Assignment:
As written and without pictures, set down the lines from the one that contains "Squeez-A-Ball groß" through the end of the data.

======== Data shown

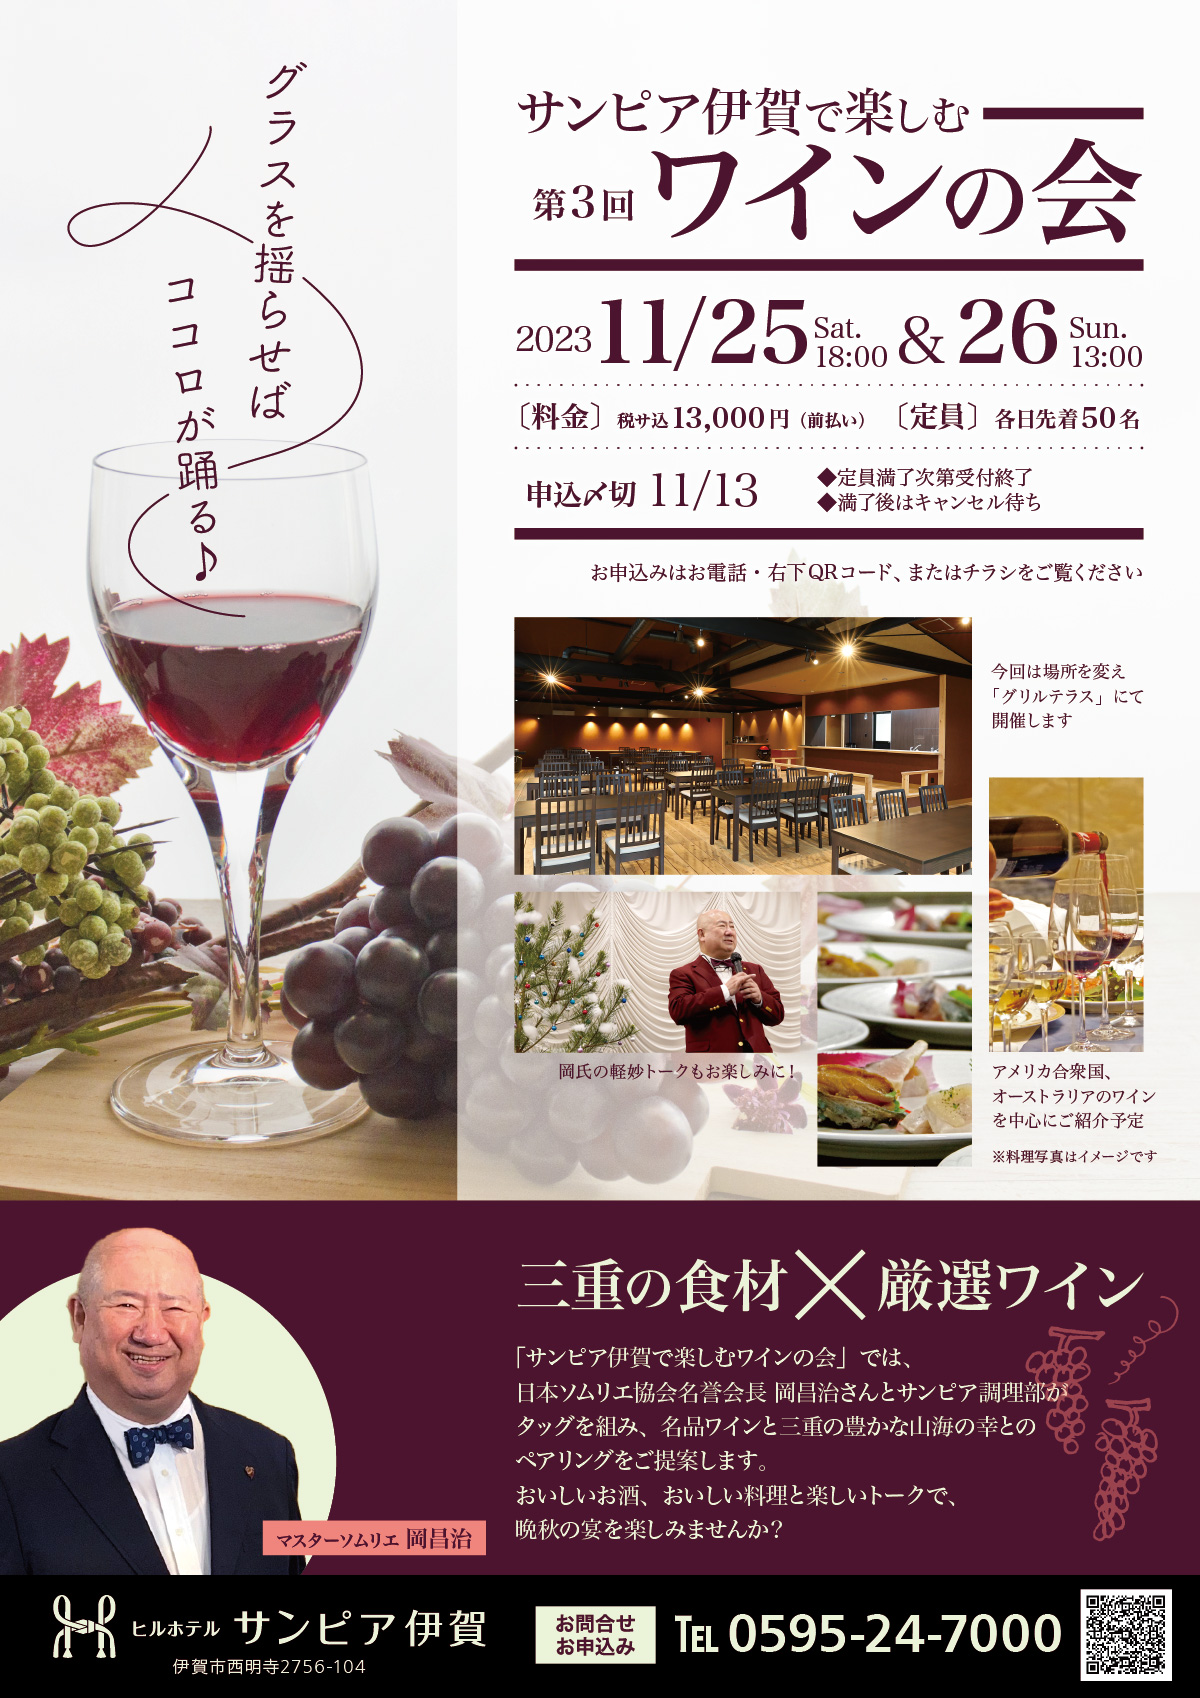 日本ソムリエ協会名誉会長である岡昌治氏をお招きしてのワインの会は、第3回。今回は「アメリカ合衆国・オーストラリア」をテーマにワインをご紹介予定。11月25日18時の部、26日13時の部の2回開催。料金は税込13,000円。
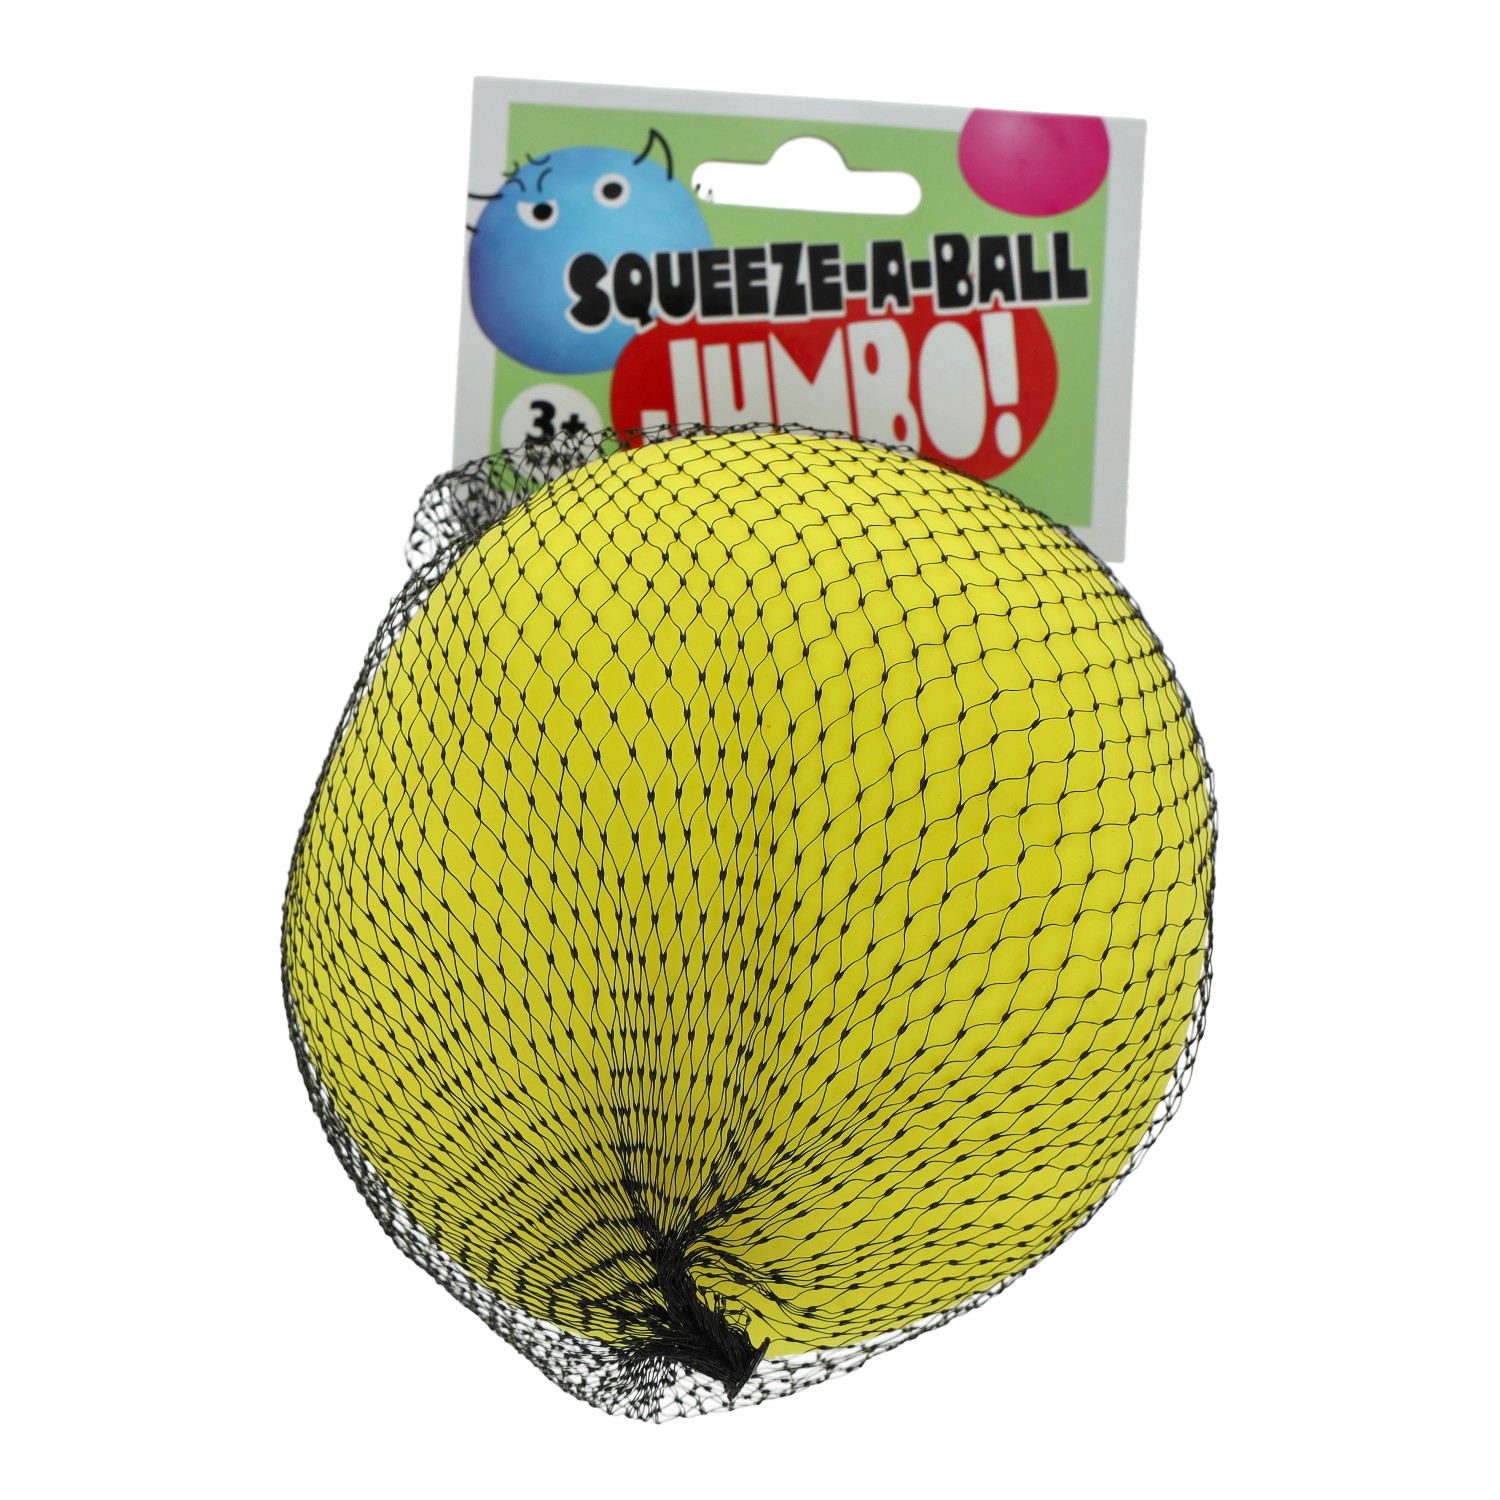 Squeez-A-Ball groß
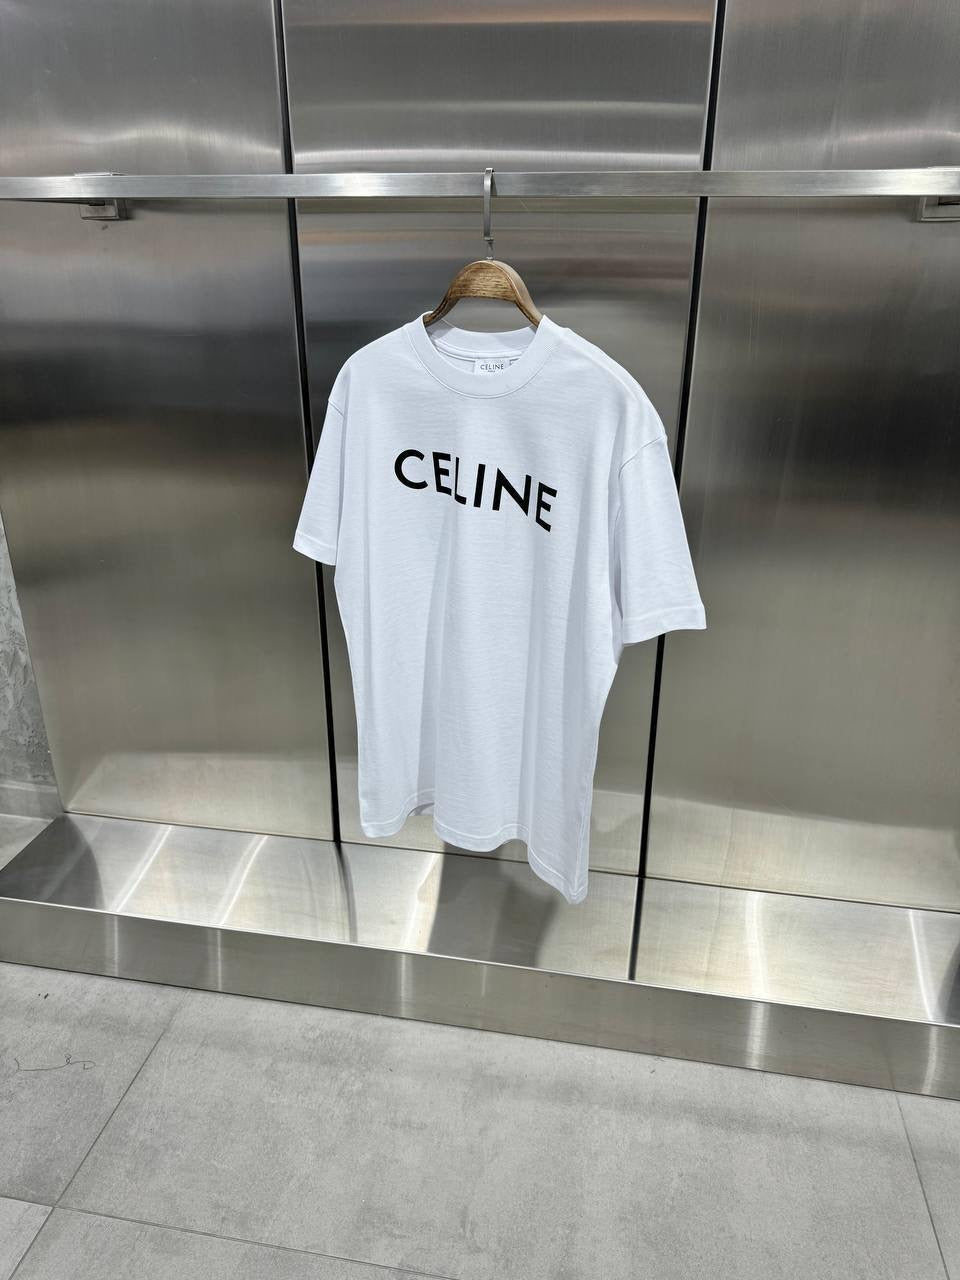 Celine T-shirt
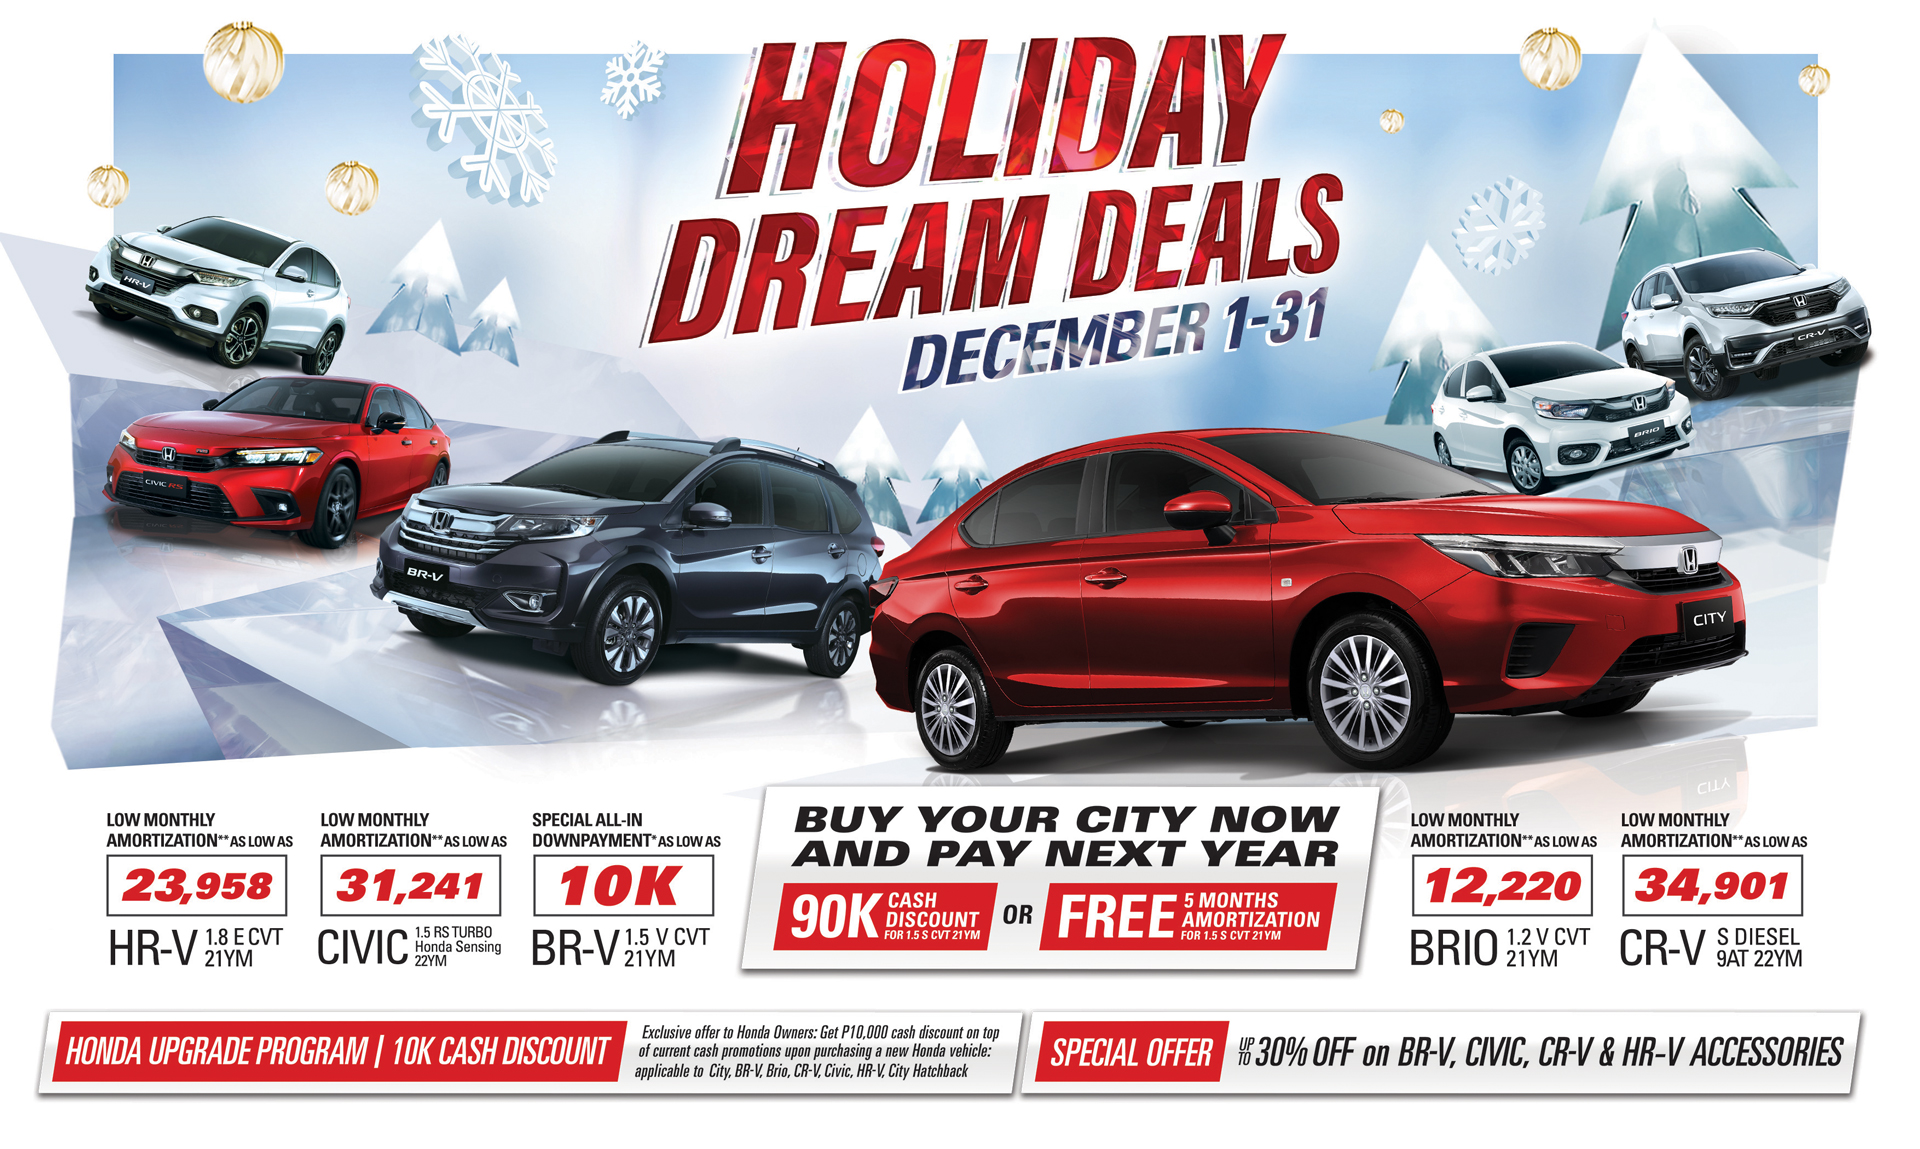 Honda Offers "Holiday Dream Deals" Promo Motortech.ph

================

Reply:
 Squeez-A-Ball groß
 Celine T-shirt
 Honda Offers "Holiday Dream Deals" Promo Motortech.ph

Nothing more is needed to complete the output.